The Map is back for me when I signed in this morning.  The roll of people gaining access that are posters on TUG appears to being called.  It is great to see that a number now have access.  Hope the balance clear up throughout the day and the account suspension issue of last fall is getting resolved in the process.


----------



## Avislo

Bigrob said:


> I wonder what happens with cancellations? I cancelled the smallest unit available at a resort, in order to shrink the reservation down by day, but it never came back.



If overbook situations occurred as the system rolled out, the cancellations probably went there.


----------



## Braindead

happyhopian said:


> well it has certainly been picked over. Whatever inventory was here at the beginning of the week is gone.

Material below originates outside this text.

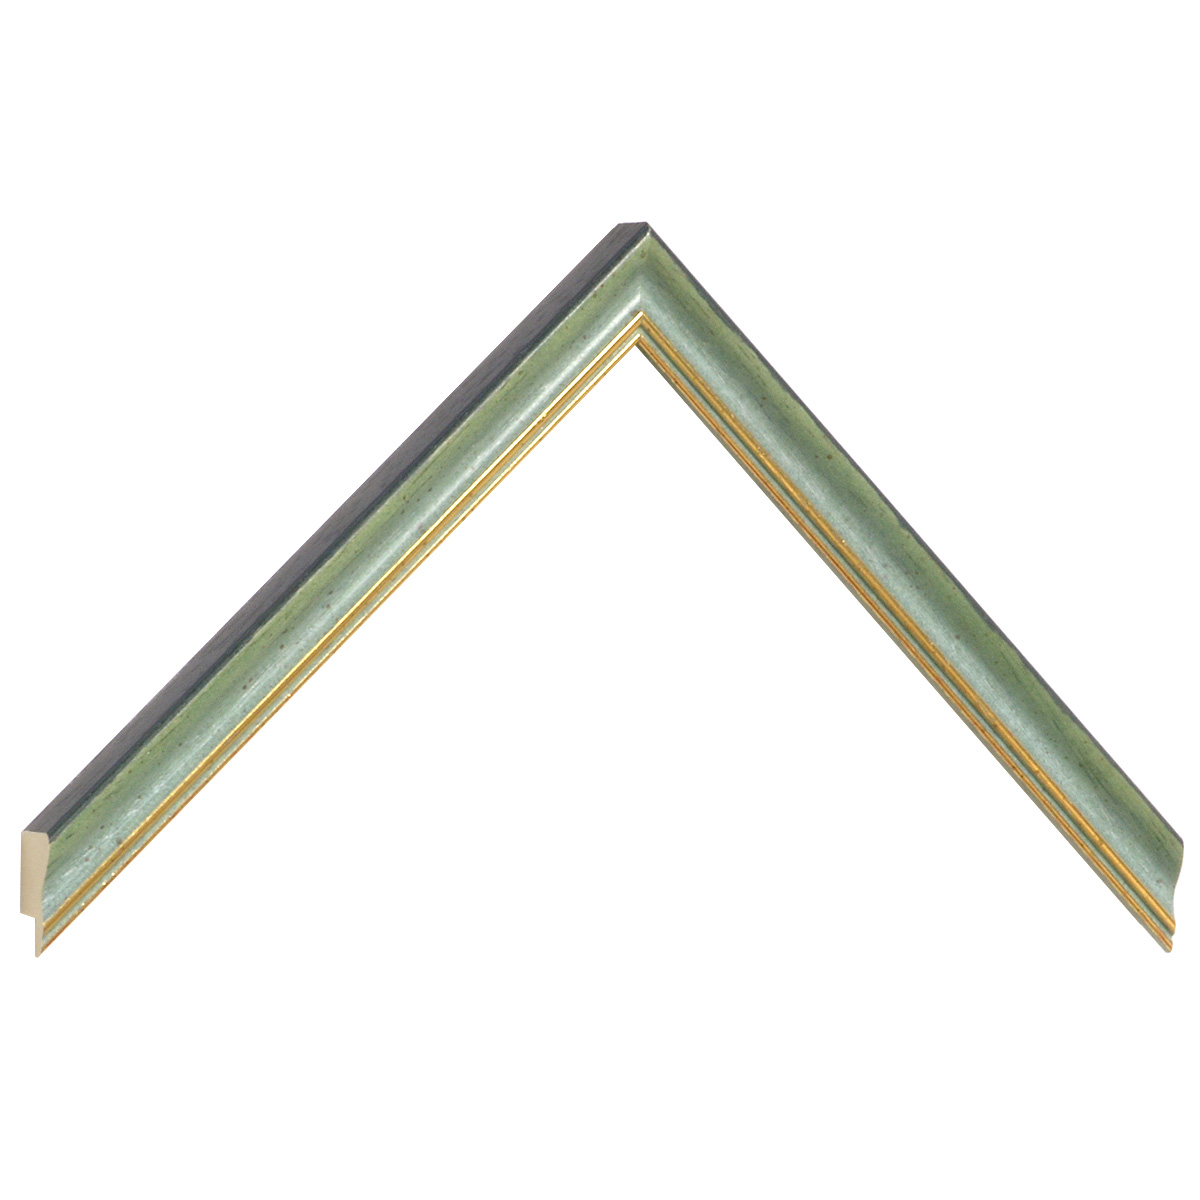 Profil ayous Lățime 15 mm - finisaj verde mat cu fir auriu - Mostră
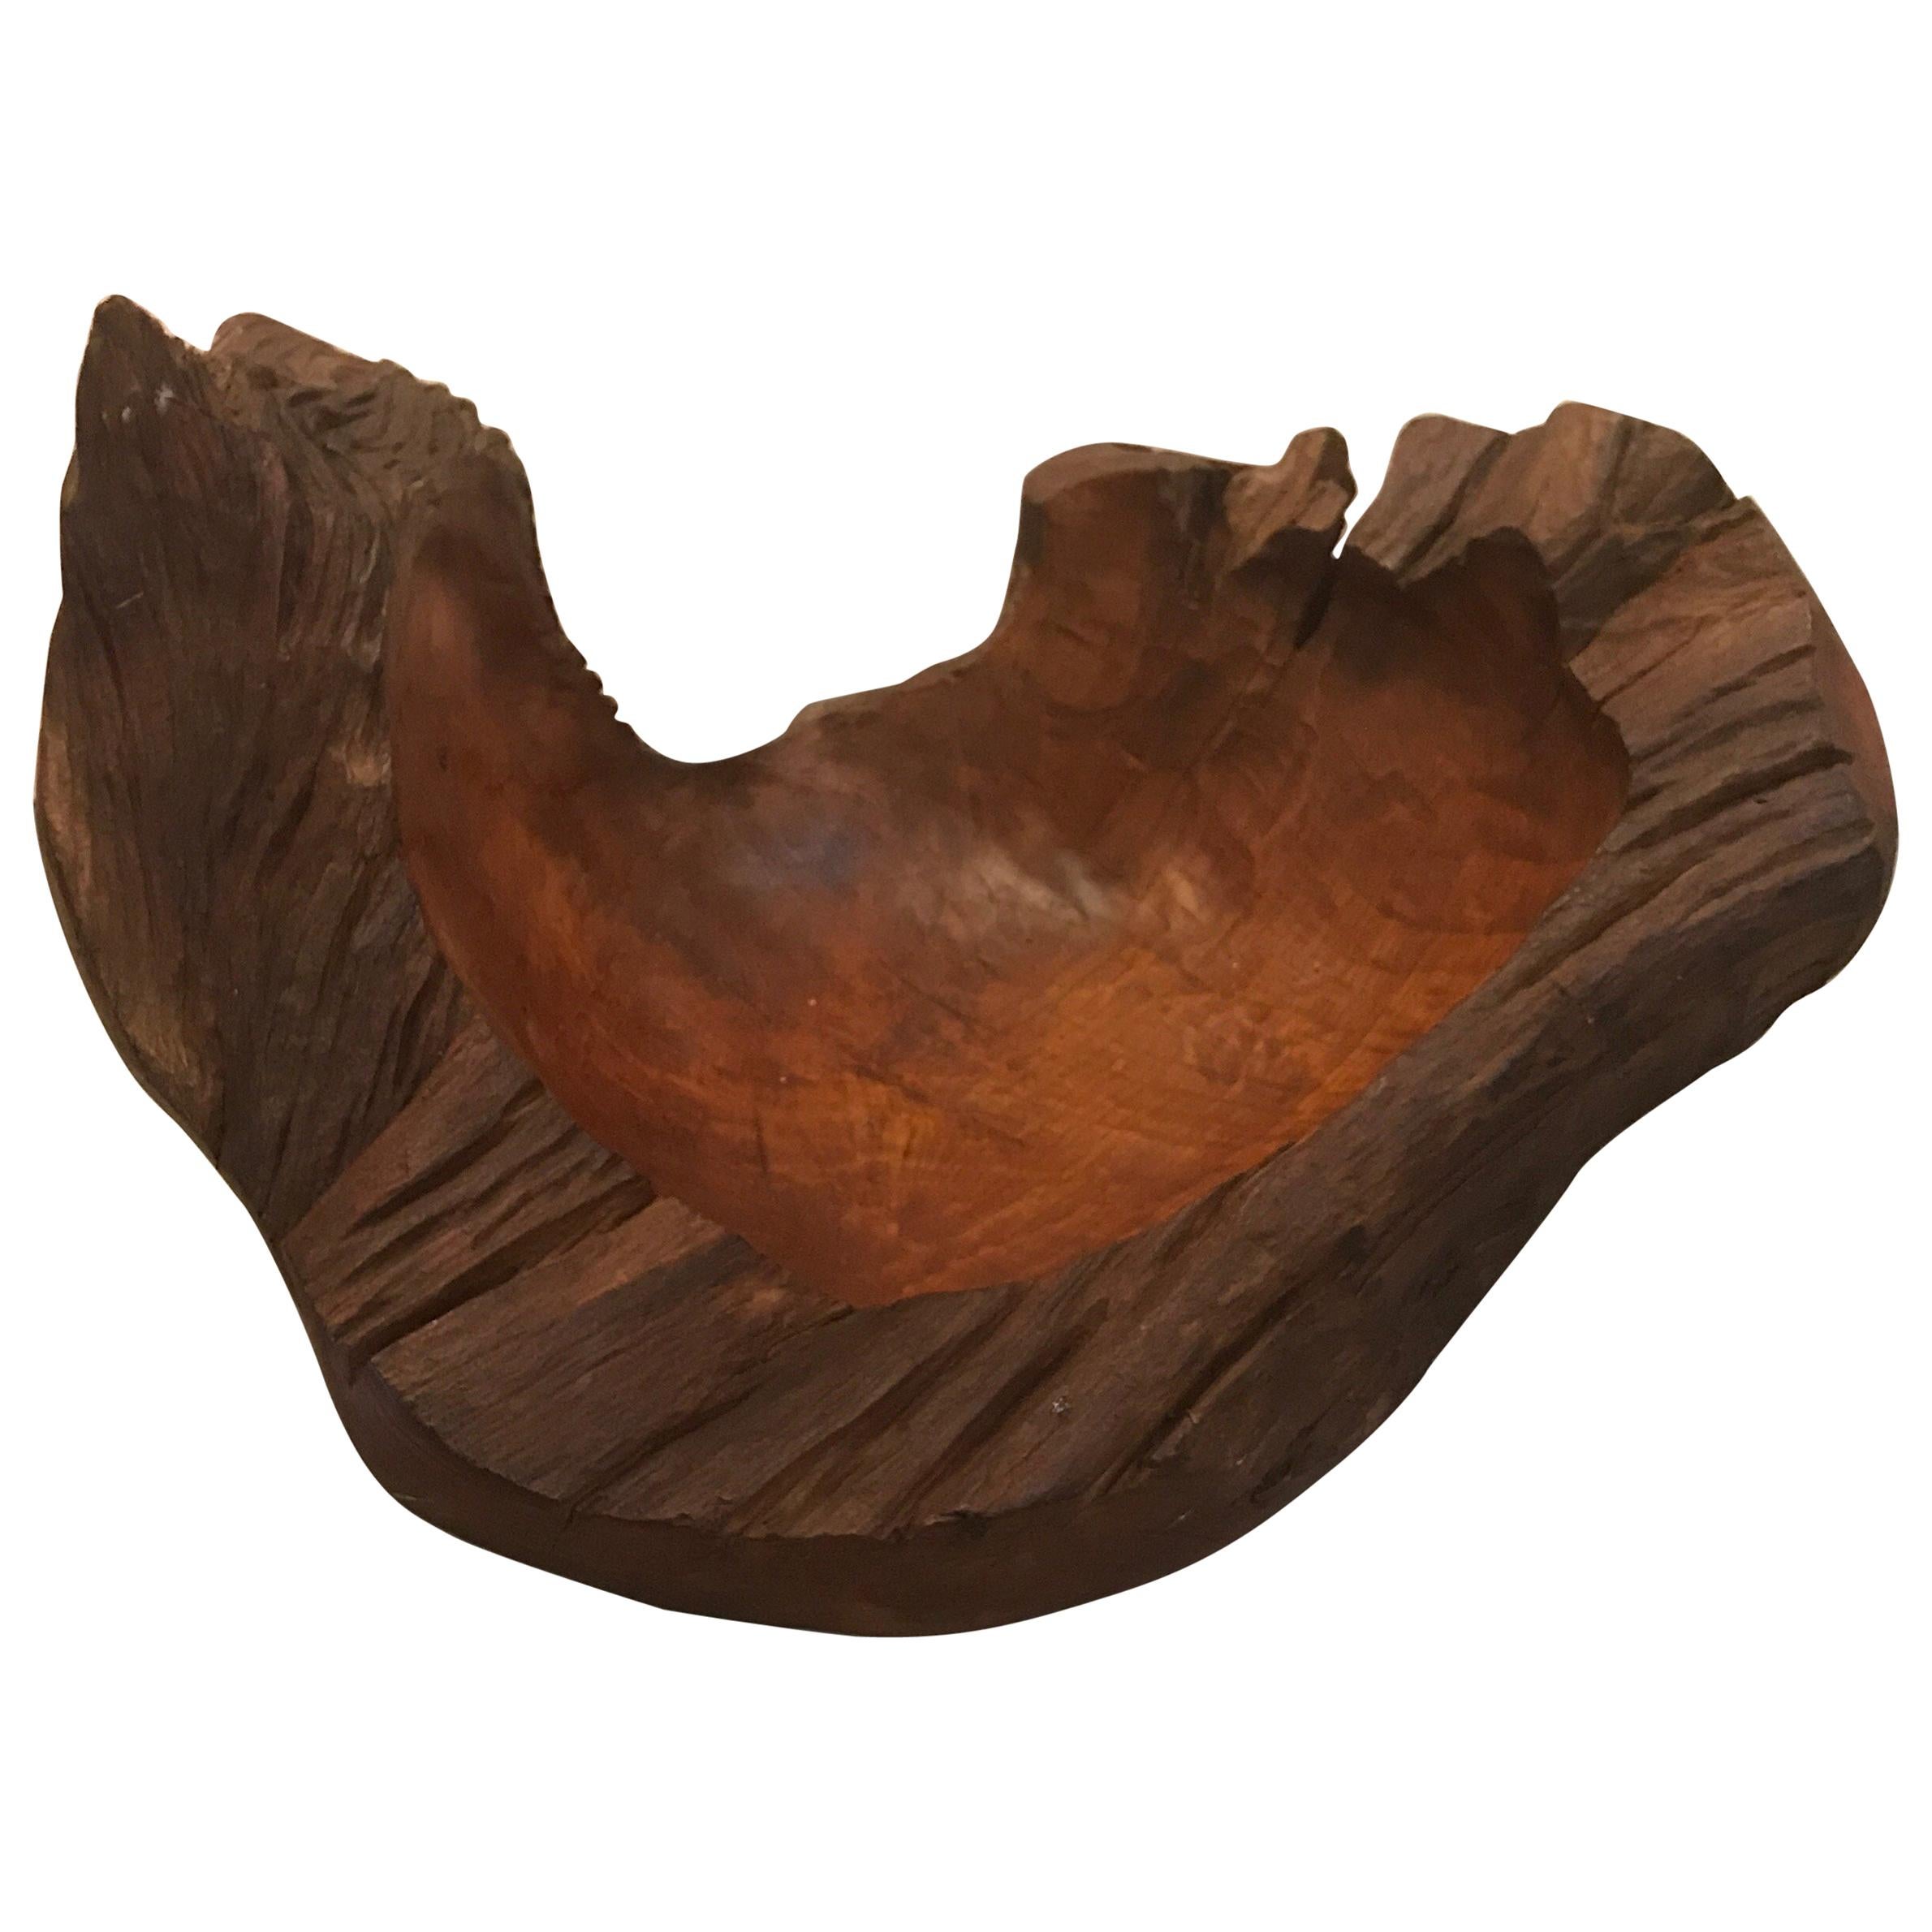 Midcentury American Craft Artisan Hand-Carved Bowl

I needed two nights at bonnet creek to bridge a stay and there's nothing consecutive. Shameful that I pay them $1000 a month. #dissappointed


Everything I searched has no availability also.
This week has been like a Black Friday sale
The security guard wouldn't let us in. While standing at the door. We hear people going in and coming out talking-
1. The store is well stocked with inventory
2. Customers are finding those high demand items that haven't been available in months
3. Those items that haven't been available for months are door busters at half price
4. Loyal customers that have purchased high priced items in the past were granted VIP. Their walking out with 100 inch TVs for the price of 60 inch TV that was already on sale at 50 percent off

We finally get in to find the empty store. No rain checks available 

I can't see where my account is any different. Looks just like the Pre View site and what I seen briefly Saturday. Don't know about my point buckets.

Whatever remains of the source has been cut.